Monte Paschi foundation strikes share pact with new Latam investors
MILAN (Reuters) - The former controlling shareholder in Monte dei Paschi di Siena (BMPS.MI) said on Friday it and two new Latin American investors in Italy's third biggest bank had committed to not selling their respective holdings for at least 16 months.
The Monte dei Paschi foundation, a not-for-profit entity, had 33.5 percent in the bank until mid-February - a big enough holding to veto any unwanted decision at the bank - but it has since gradually cut its stake to just 3.1 percent.
On Monday, it sold 6.5 percent of Monte dei Paschi to Fintech Advisory and BTG Pactual Europe.
That has shaken up the bank's shareholder structure and turned the lender into a potential takeover target for the first time in nearly two decades.
In a statement issued on Friday the foundation said it had entered into a shareholder pact with both Latin American investors in order to stabilize the bank's new shareholder base and encourage other investors.
Monte dei Paschi was hit hard by the euro zone debt crisis and a scandal over loss-making derivatives deals and had to request a 4.1 billion euro state bailout last year.

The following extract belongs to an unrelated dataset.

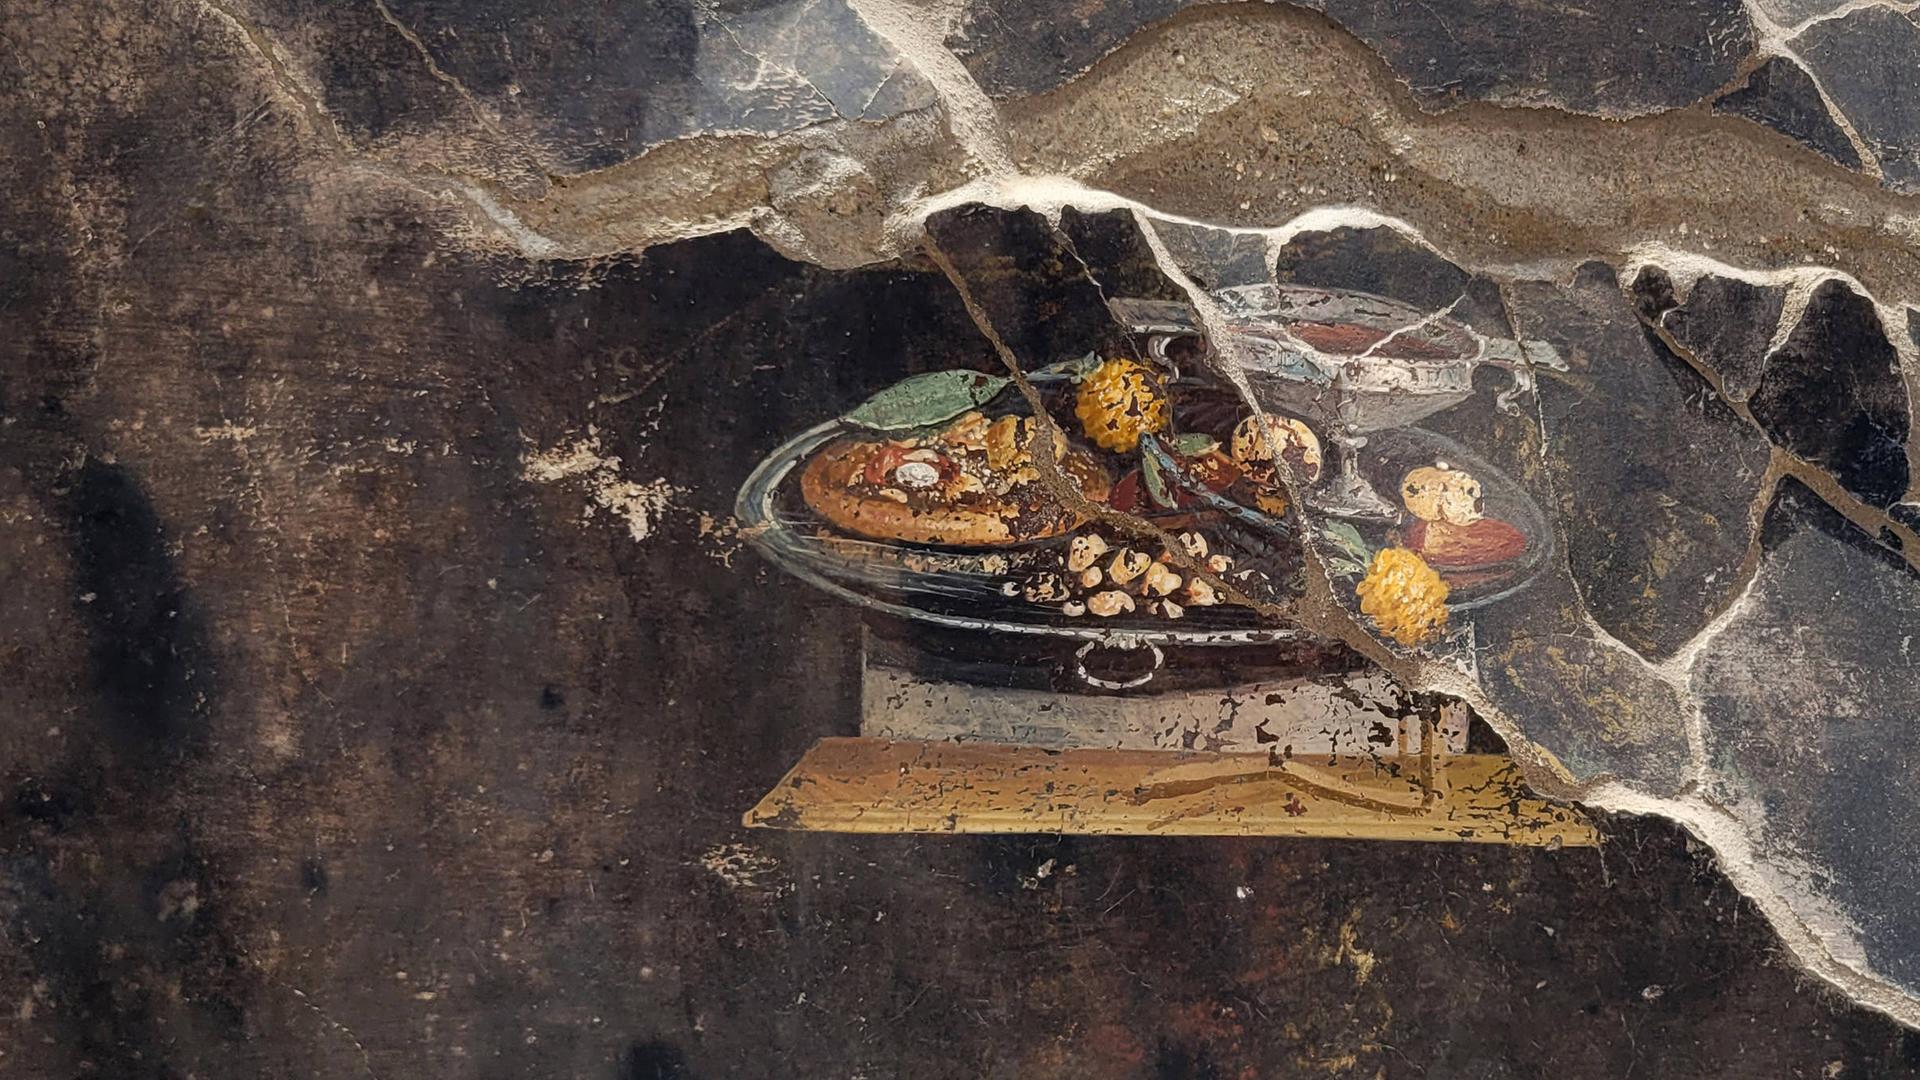 Ein Fresko in Pompeji zeigt möglicherweise die Abbildung eines Vorläufers der modernen Pizza. Ein belegter Teigfladen, allerdings ohne Tomaten und Käse, ist auf dem rund 2.000 Jahre alten Gemälde zu sehen.
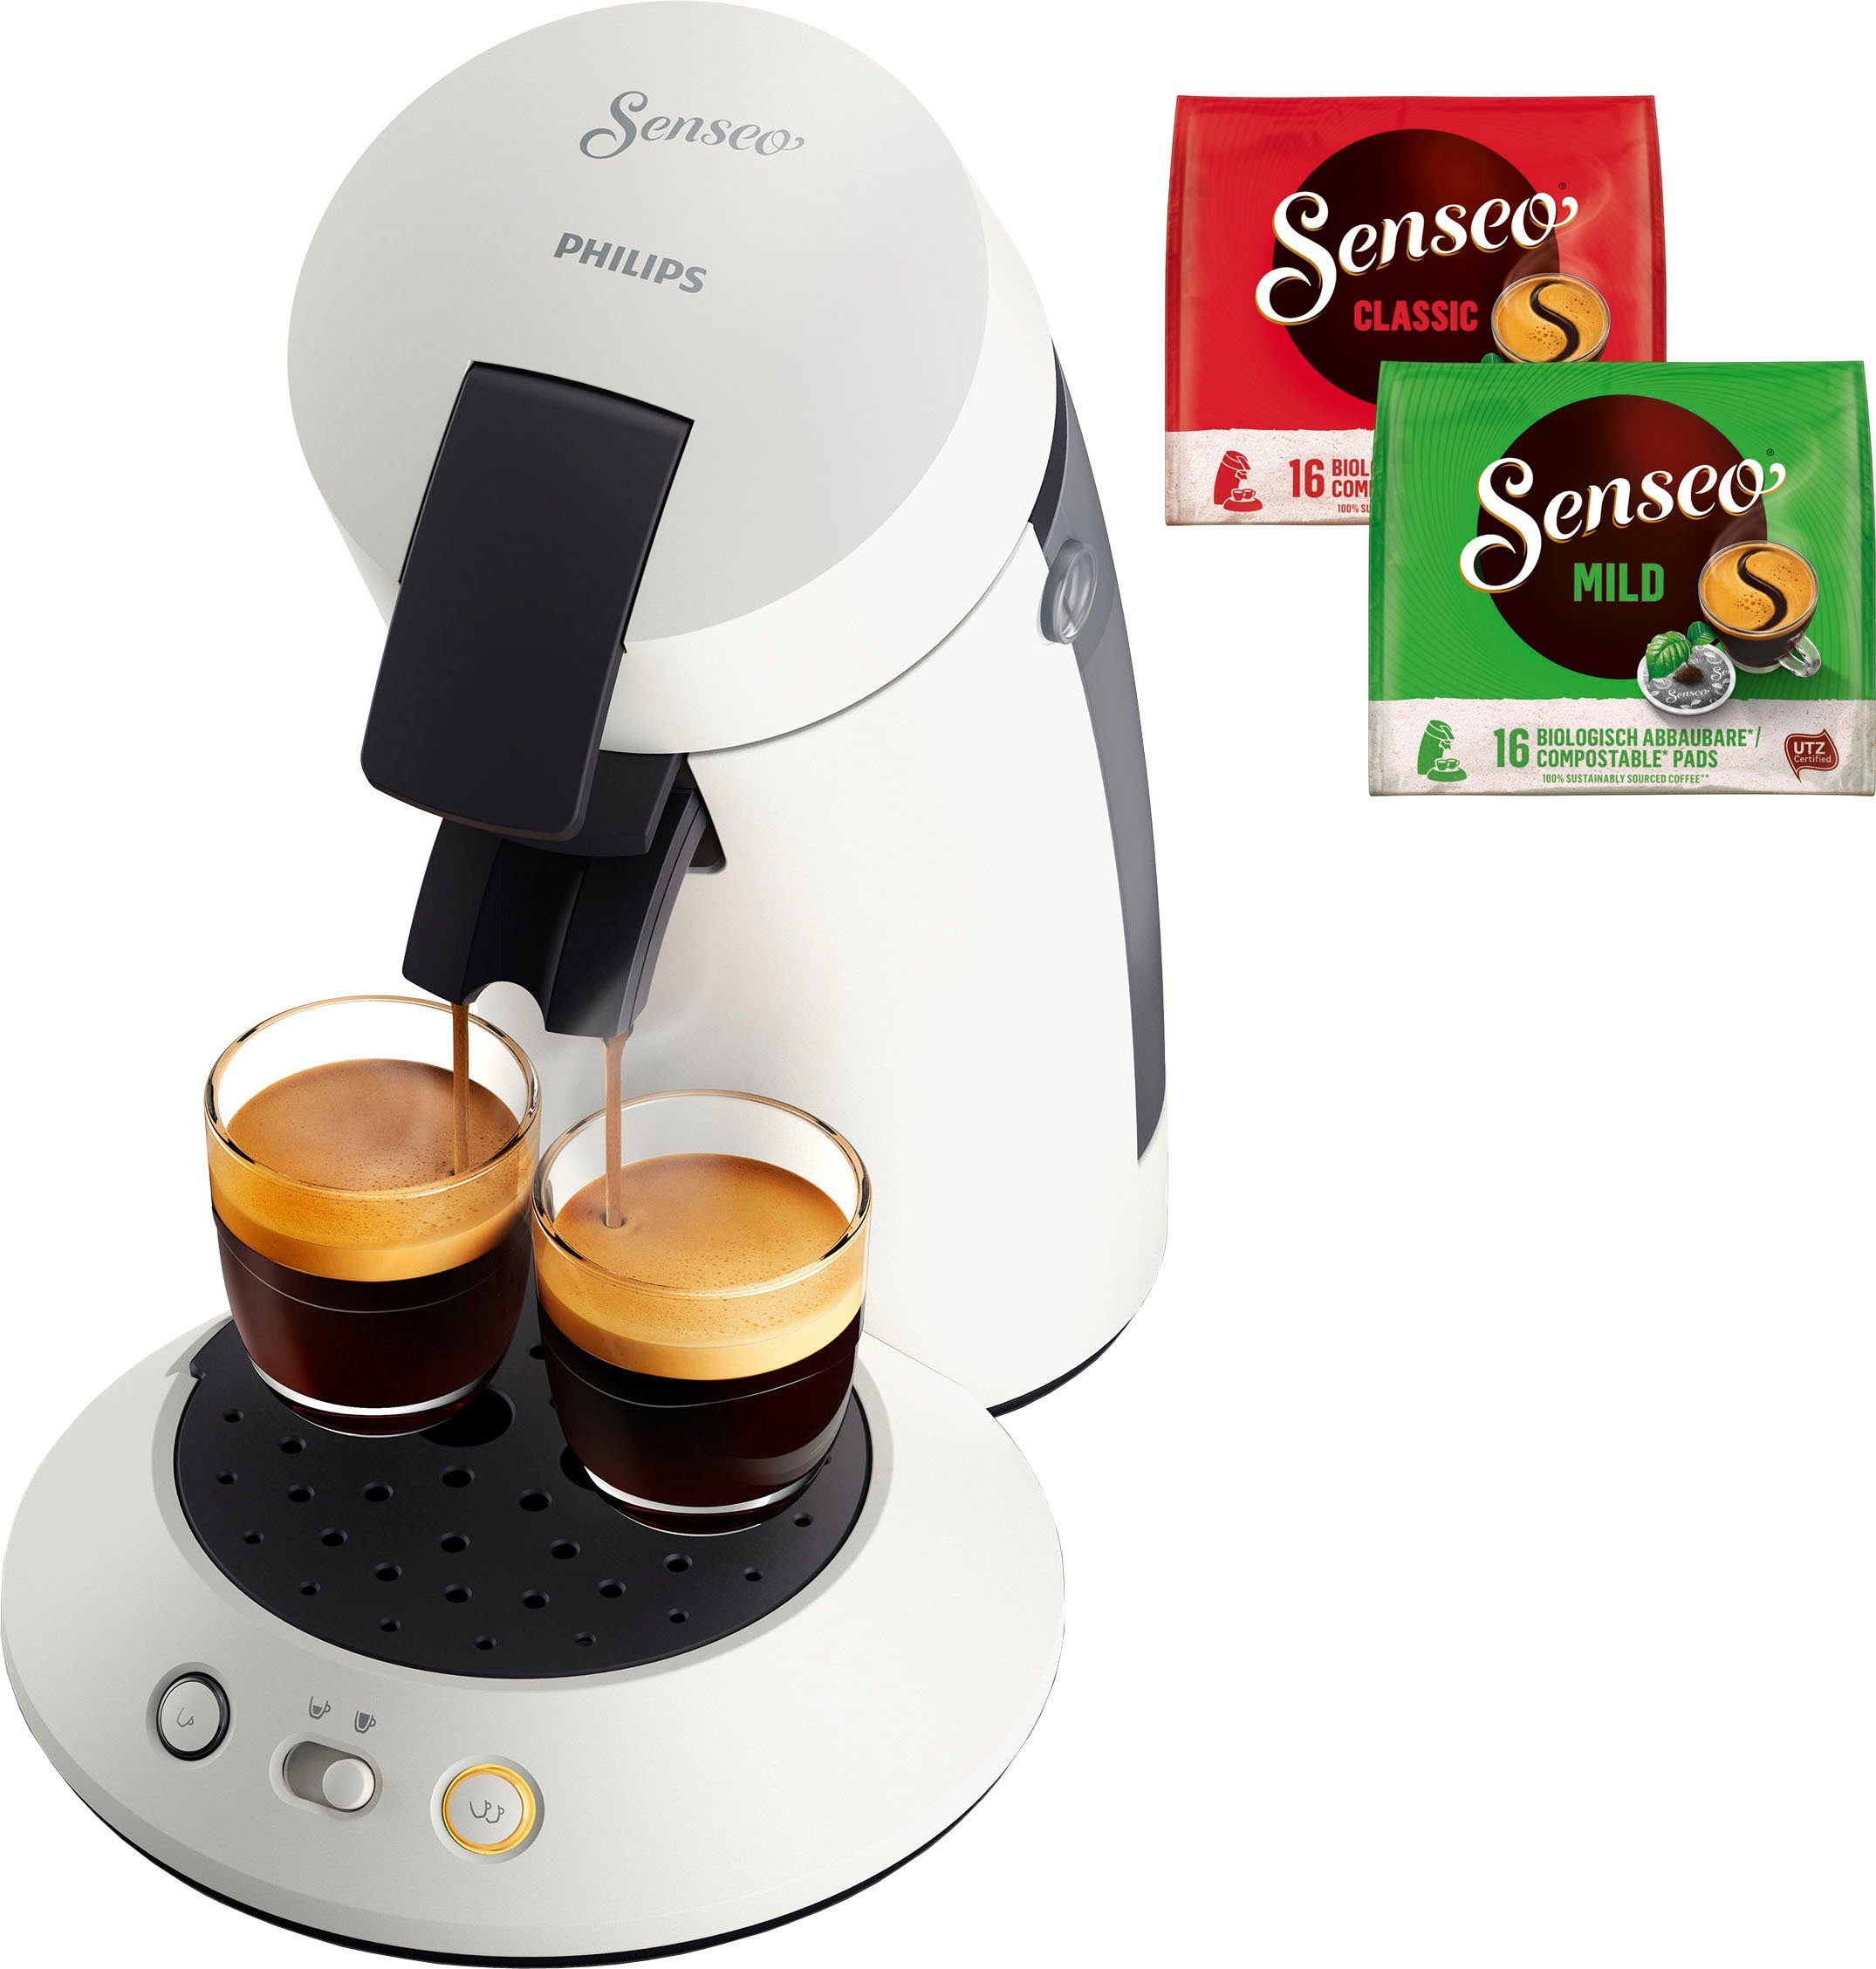 Senseo Koffiepadautomaat Original CSA210/10, toebehoren ter waarde van 5,- vap in de online winkel |

The two funds will buy into a 3.0 billion euro capital increase due to be launched by the bank at the end of May so that their stakes will not be diluted, the statement said, while the foundation is committed to keeping a stake of 2.5 percent.
Fintech, a U.S.-based investment fund owned by Mexican businessman David Martinez that bought 4.5 percent of the bank, has agreed to a 24-month lock-up period during which not to sell its shares.
For BTG Pactual, an asset management unit of the Brazilian investment bank controlled by billionaire financier André Esteves, which purchased another 2 percent, the lock-up will last 16 months.
Since the foundation cut down its holding, the bank's top shareholder has become U.S. money manager BlackRock (BLK.N) with a 5.75 percent stake.
Under the pact, the foundation will have the right to propose its own candidate to be the bank's chairman among a joint slate of board nominees, while the two funds would be entitled to choose the chief executive.
However, even if the three currently represent the biggest single shareholder bloc, the victory of their list is not guaranteed as it would need the backing of the majority of shareholders.